(Records to use):
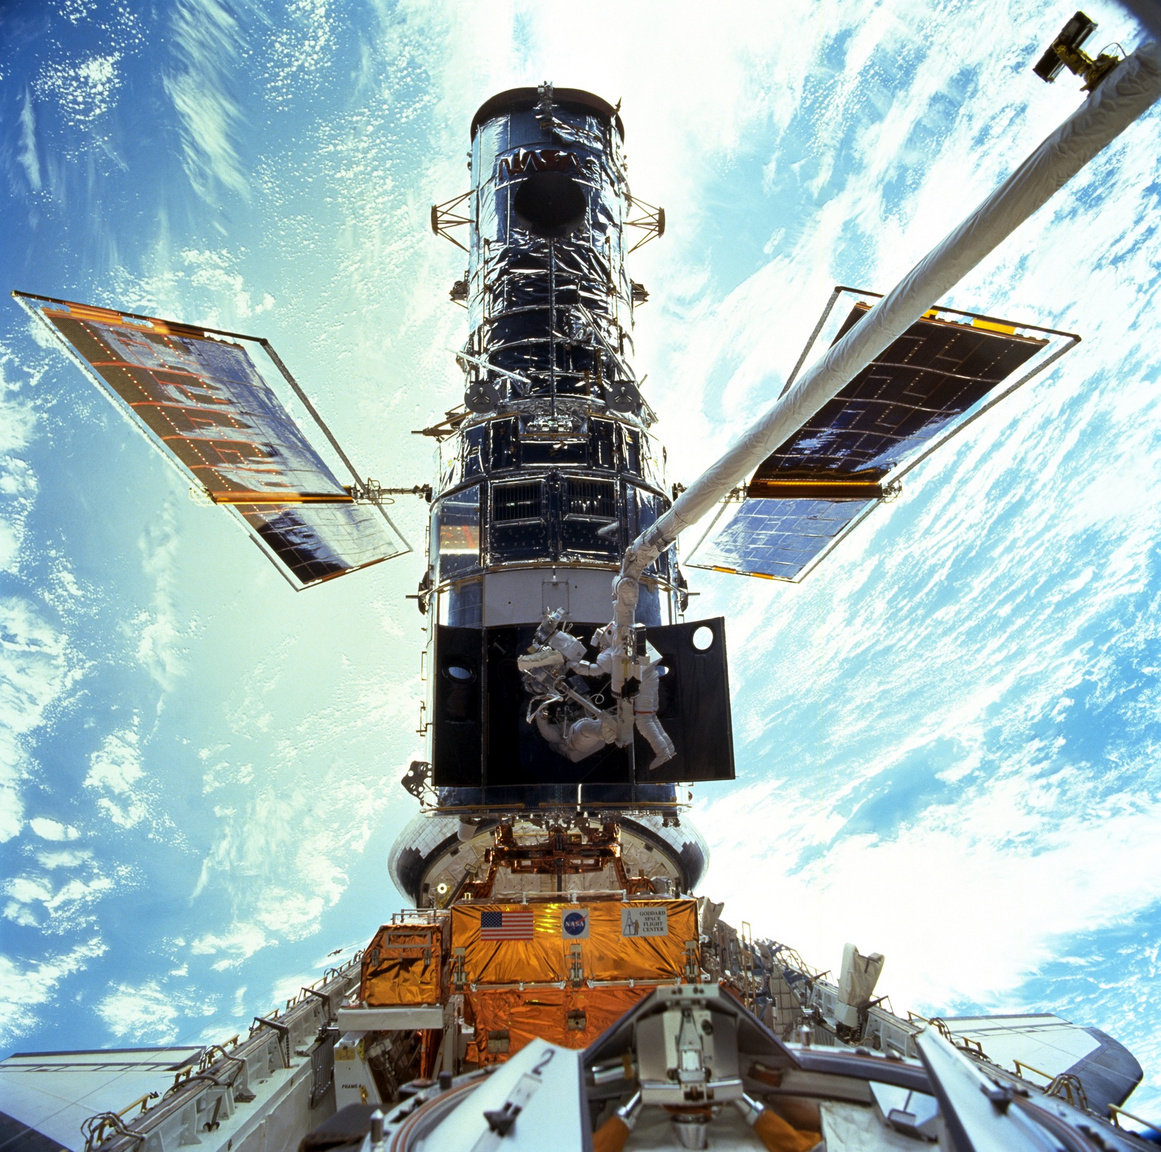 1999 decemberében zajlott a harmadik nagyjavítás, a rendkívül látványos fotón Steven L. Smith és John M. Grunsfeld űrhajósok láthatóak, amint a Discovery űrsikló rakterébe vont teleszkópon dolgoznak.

---

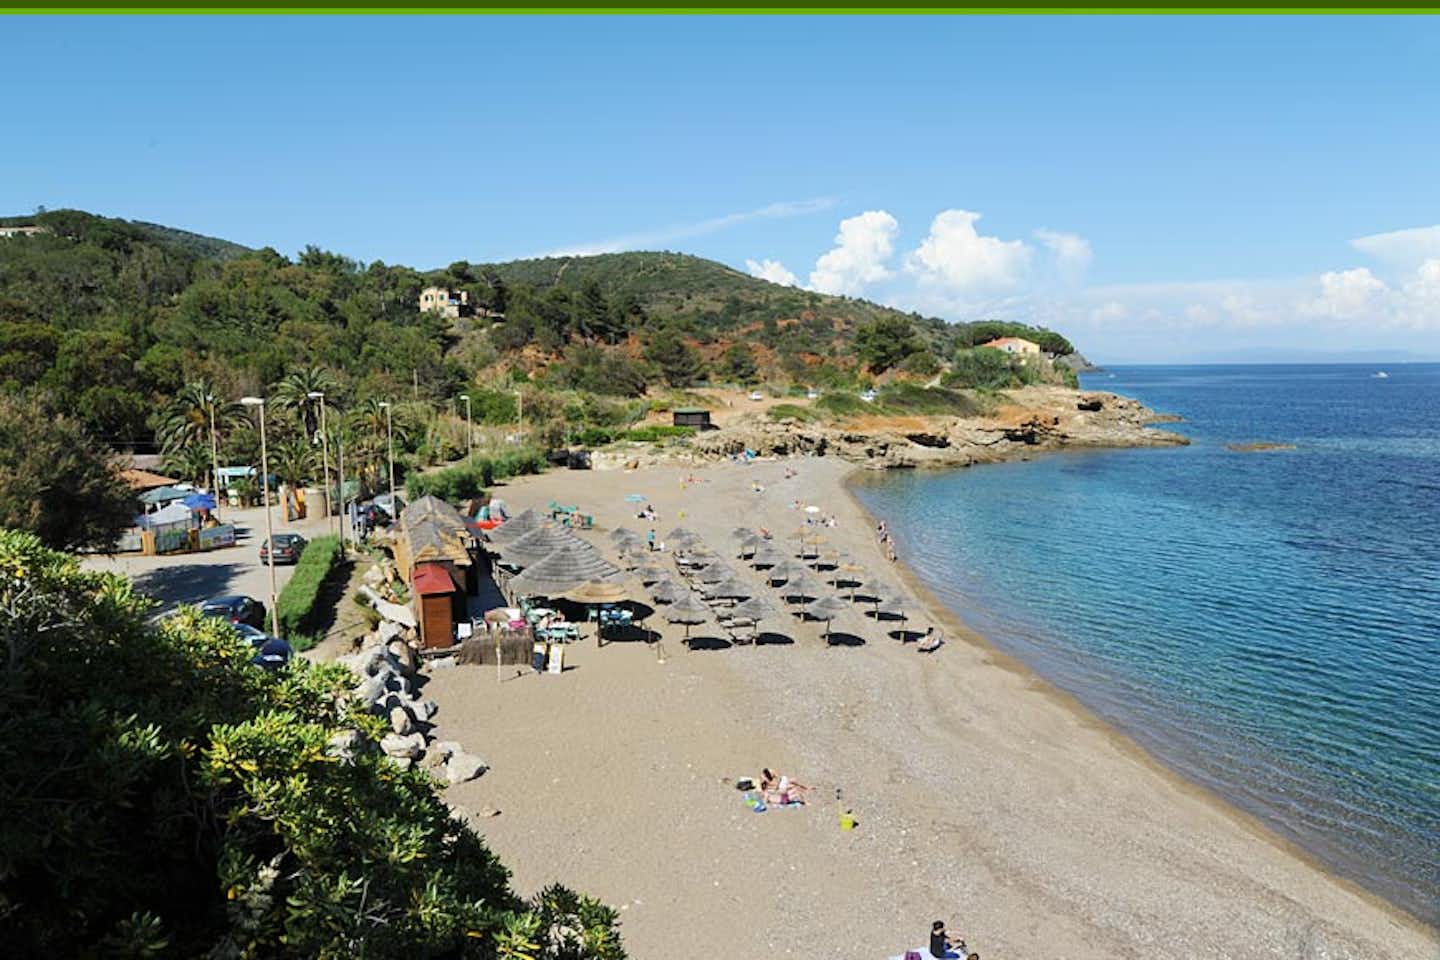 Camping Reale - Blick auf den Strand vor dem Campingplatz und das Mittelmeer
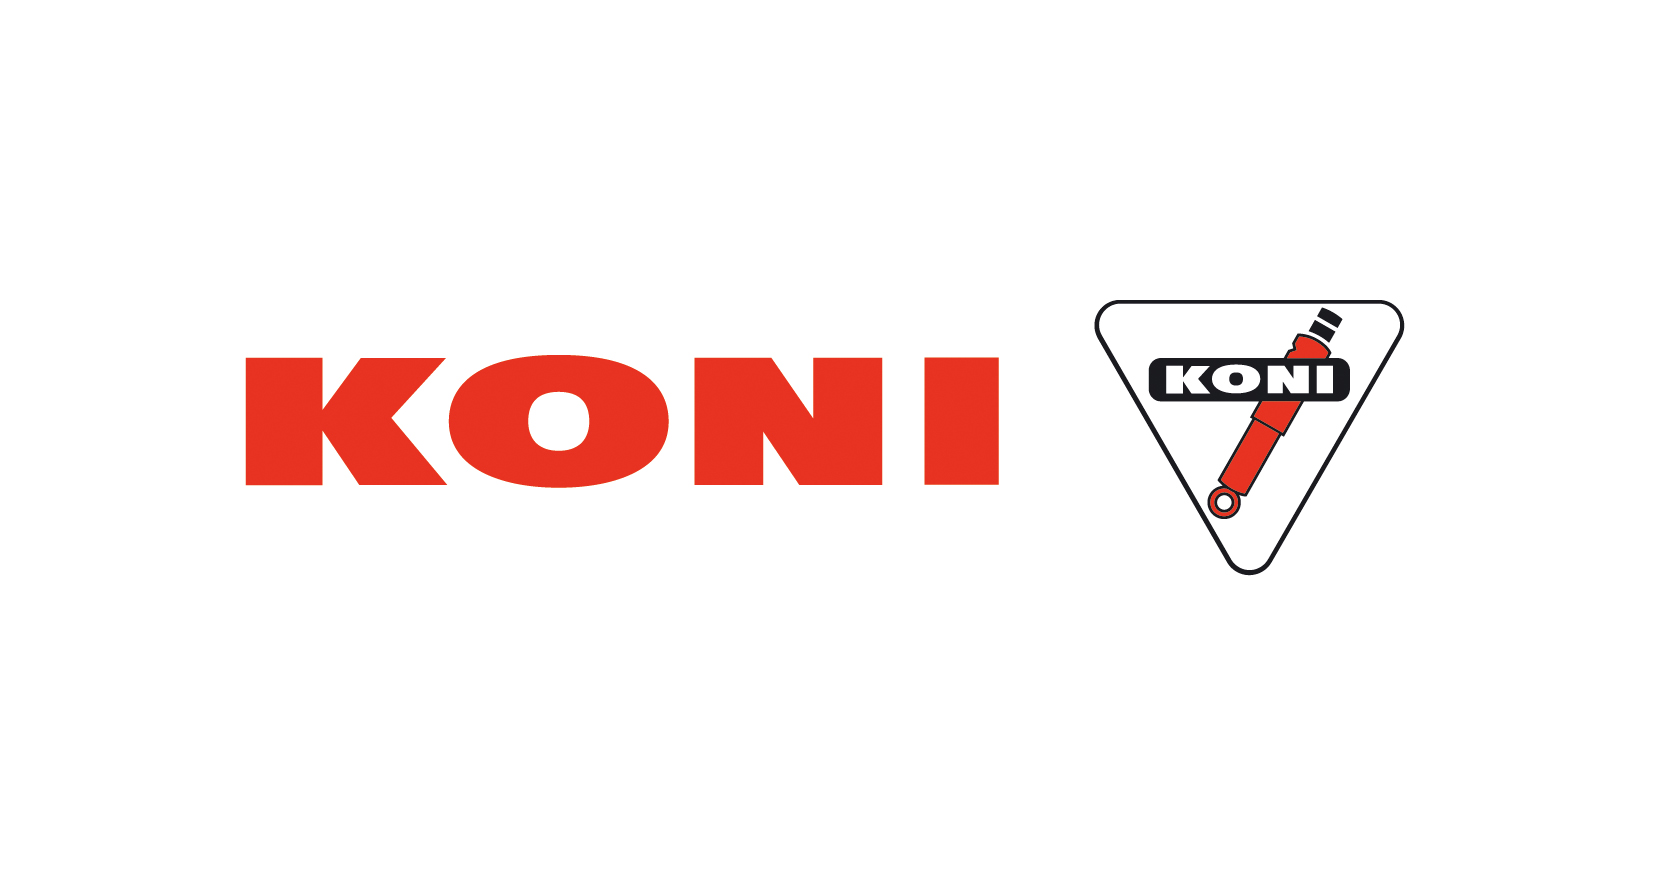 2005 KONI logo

(Work item): Return, exactly as they stand, the lines above from the one with "Camping Reale - Blick" to the one with "2005 KONI logo", omitting any pictures among them.

(Answer below):
 Camping Reale - Blick auf den Strand vor dem Campingplatz und das Mittelmeer
 2005 KONI logo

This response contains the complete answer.